- _Information shown_:
★ ★ ★
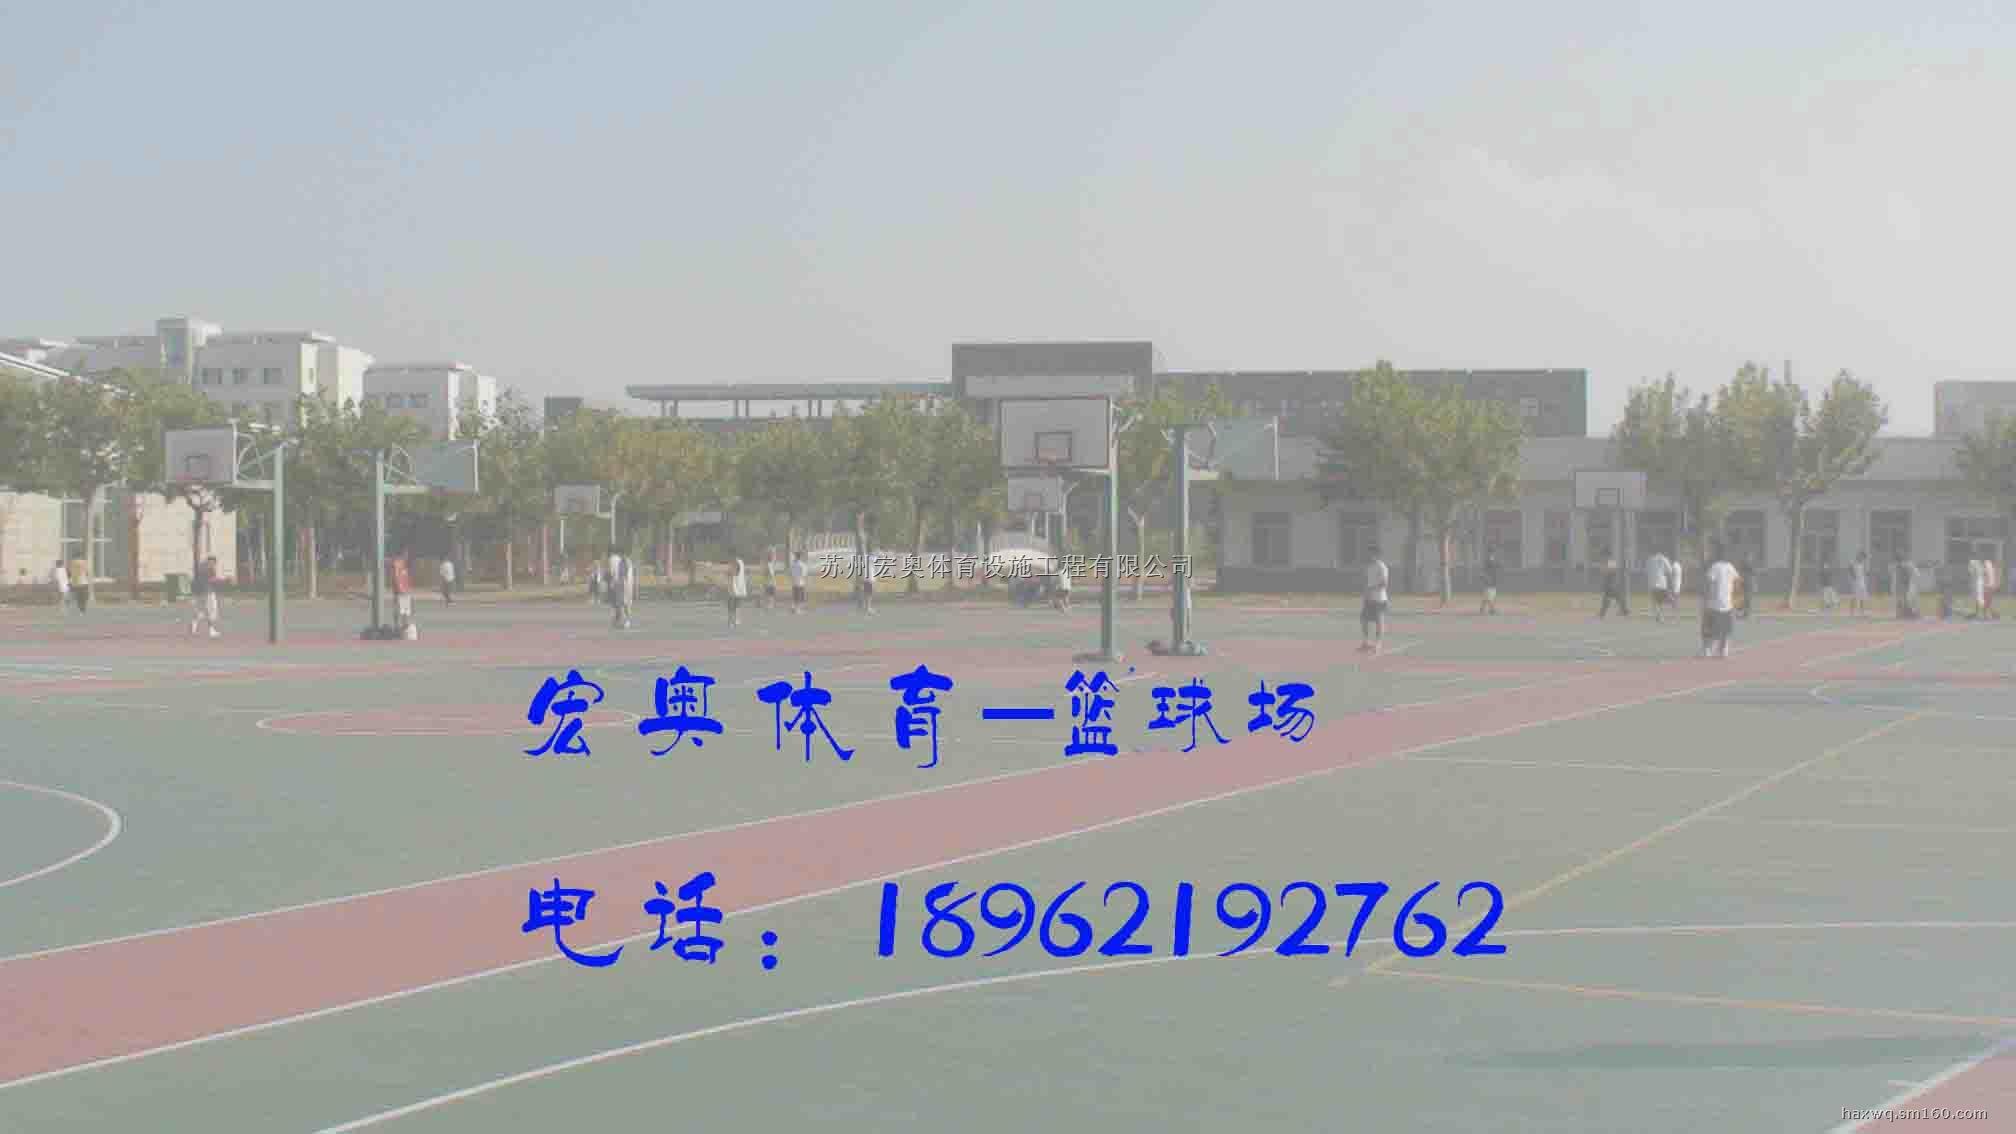 篮球场方案篮球场施工篮球场设计篮球场建造
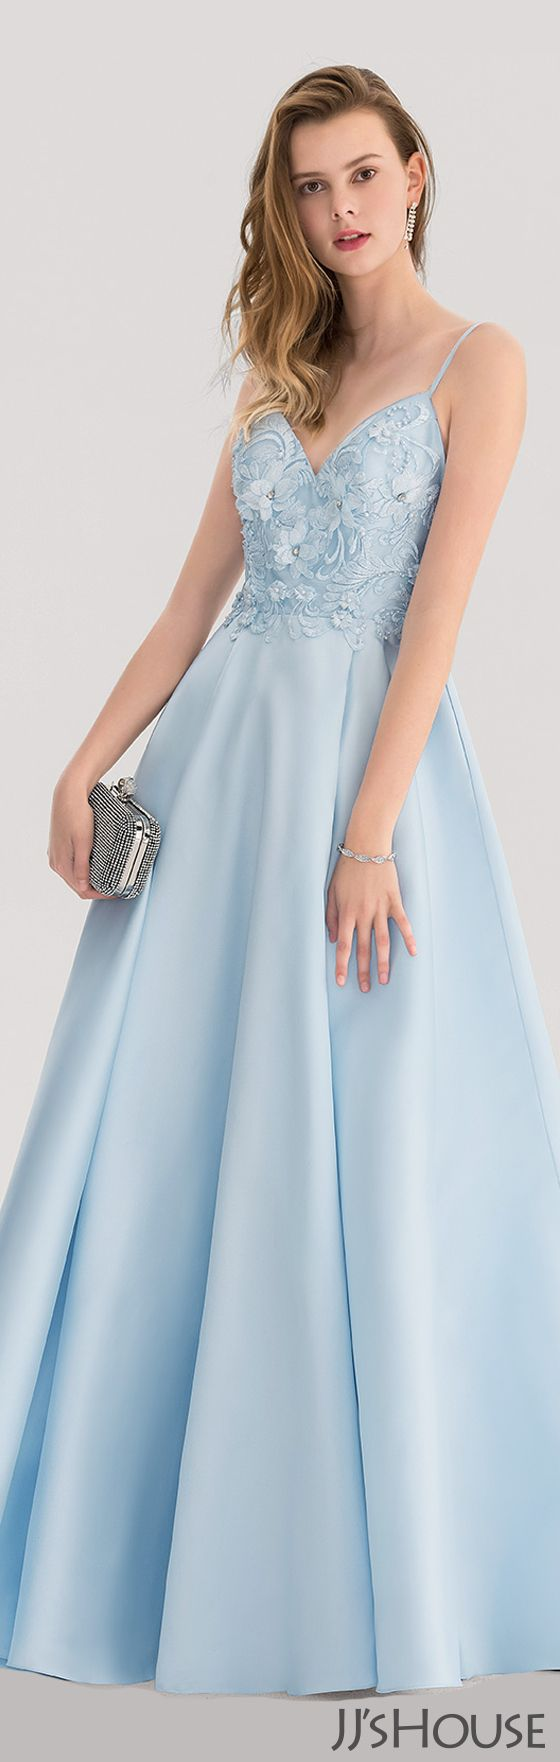 512 best JJsHouse Prom Dresses images on Pinterest
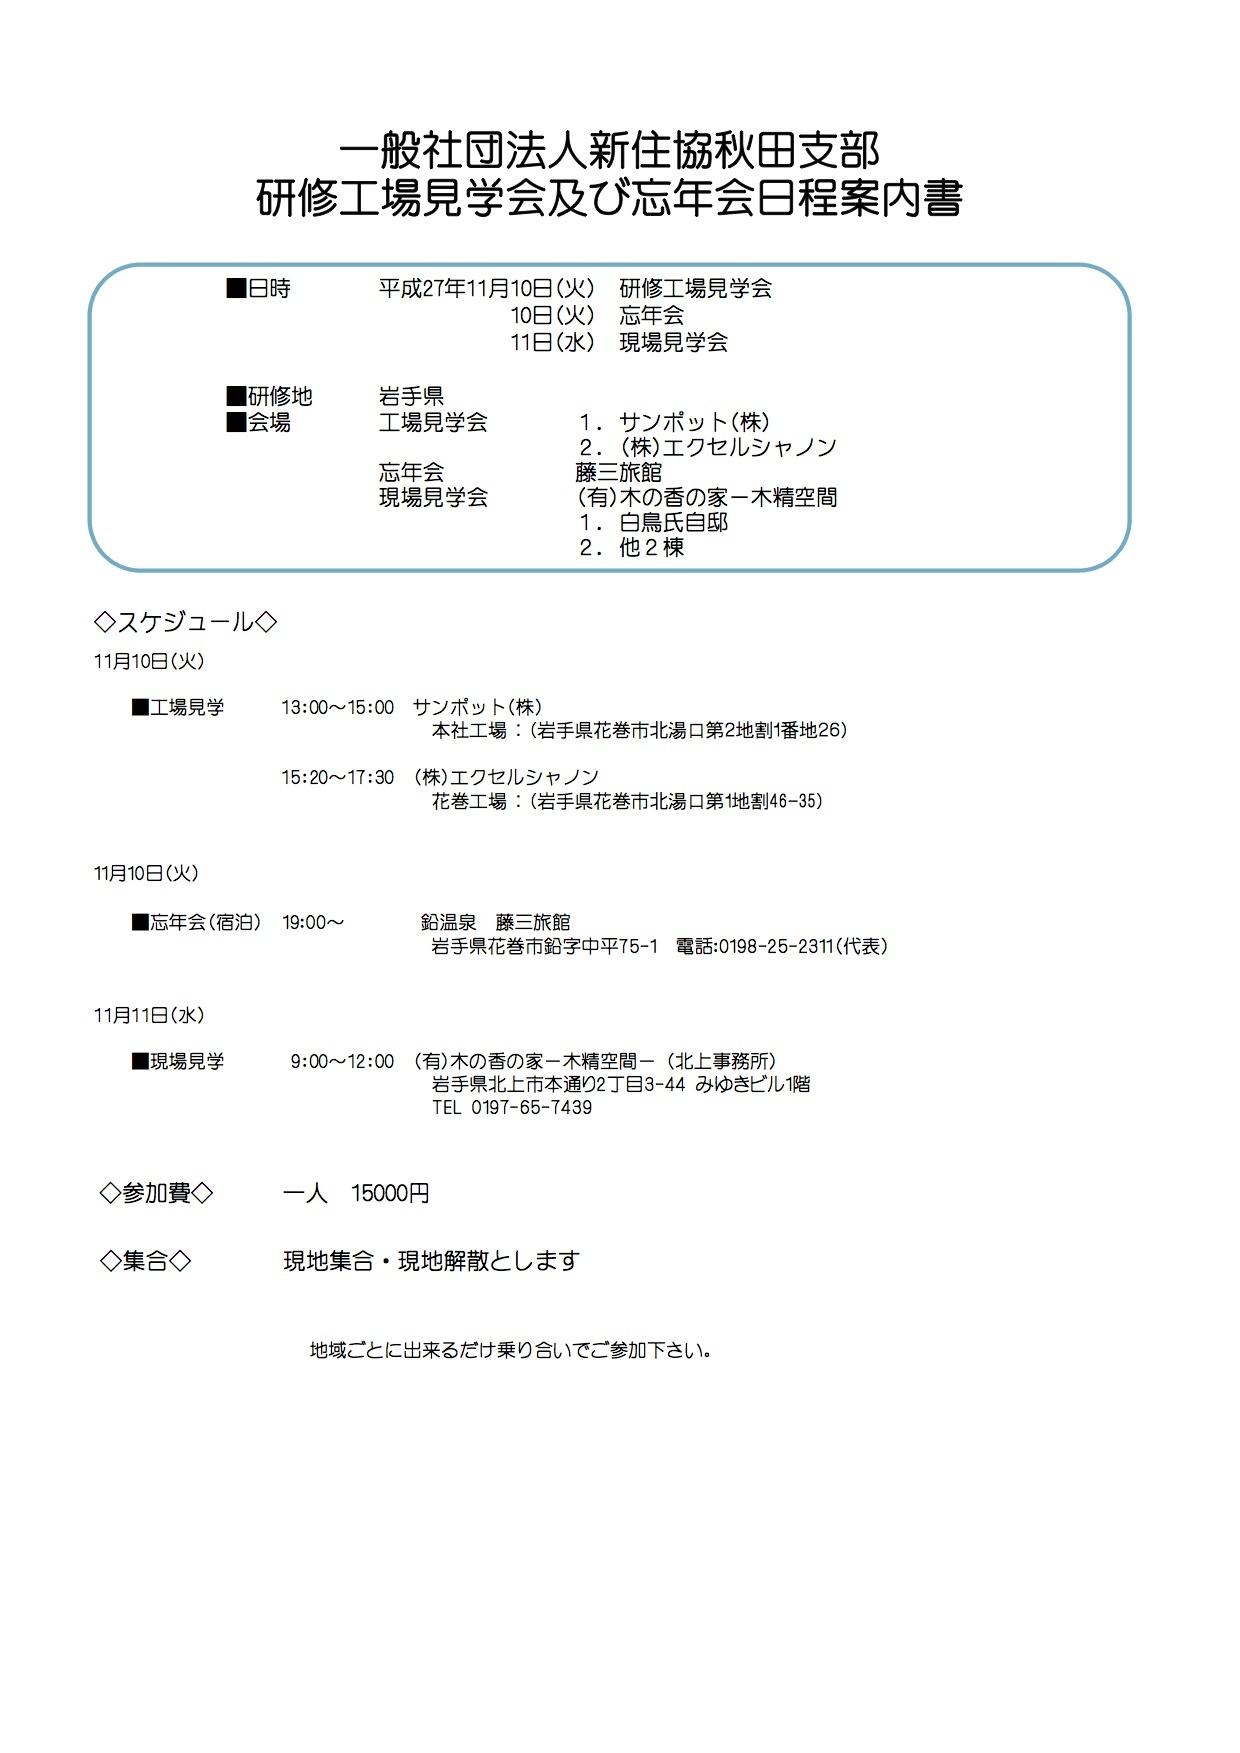 10日11日は新住協秋田支部研修会_e0054299_15561428.jpg
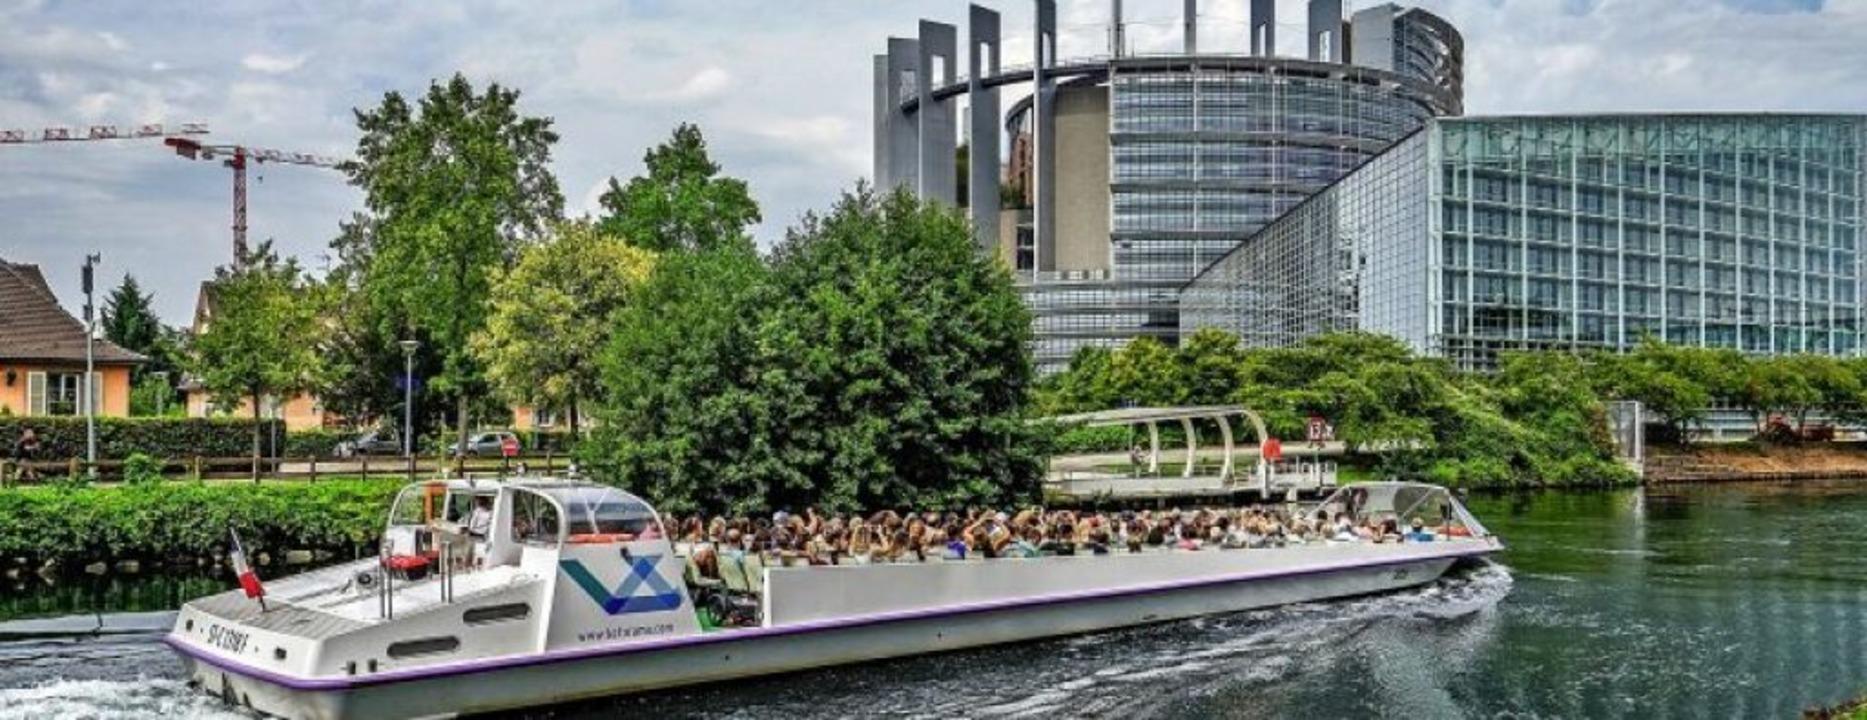 Ein Bild aus besseren Tagen: Volle Tou...Straßburg noch längst nicht in Sicht.   | Foto: teli
★ ★ ★
- _Your goal_: Write out all the data exactly, minus pictures.

- _Output for this exercise_:
 篮球场方案篮球场施工篮球场设计篮球场建造
 512 best JJsHouse Prom Dresses images on Pinterest
 10日11日は新住協秋田支部研修会_e0054299_15561428.jpg
 Ein Bild aus besseren Tagen: Volle Tou...Straßburg noch längst nicht in Sicht.   | Foto: teli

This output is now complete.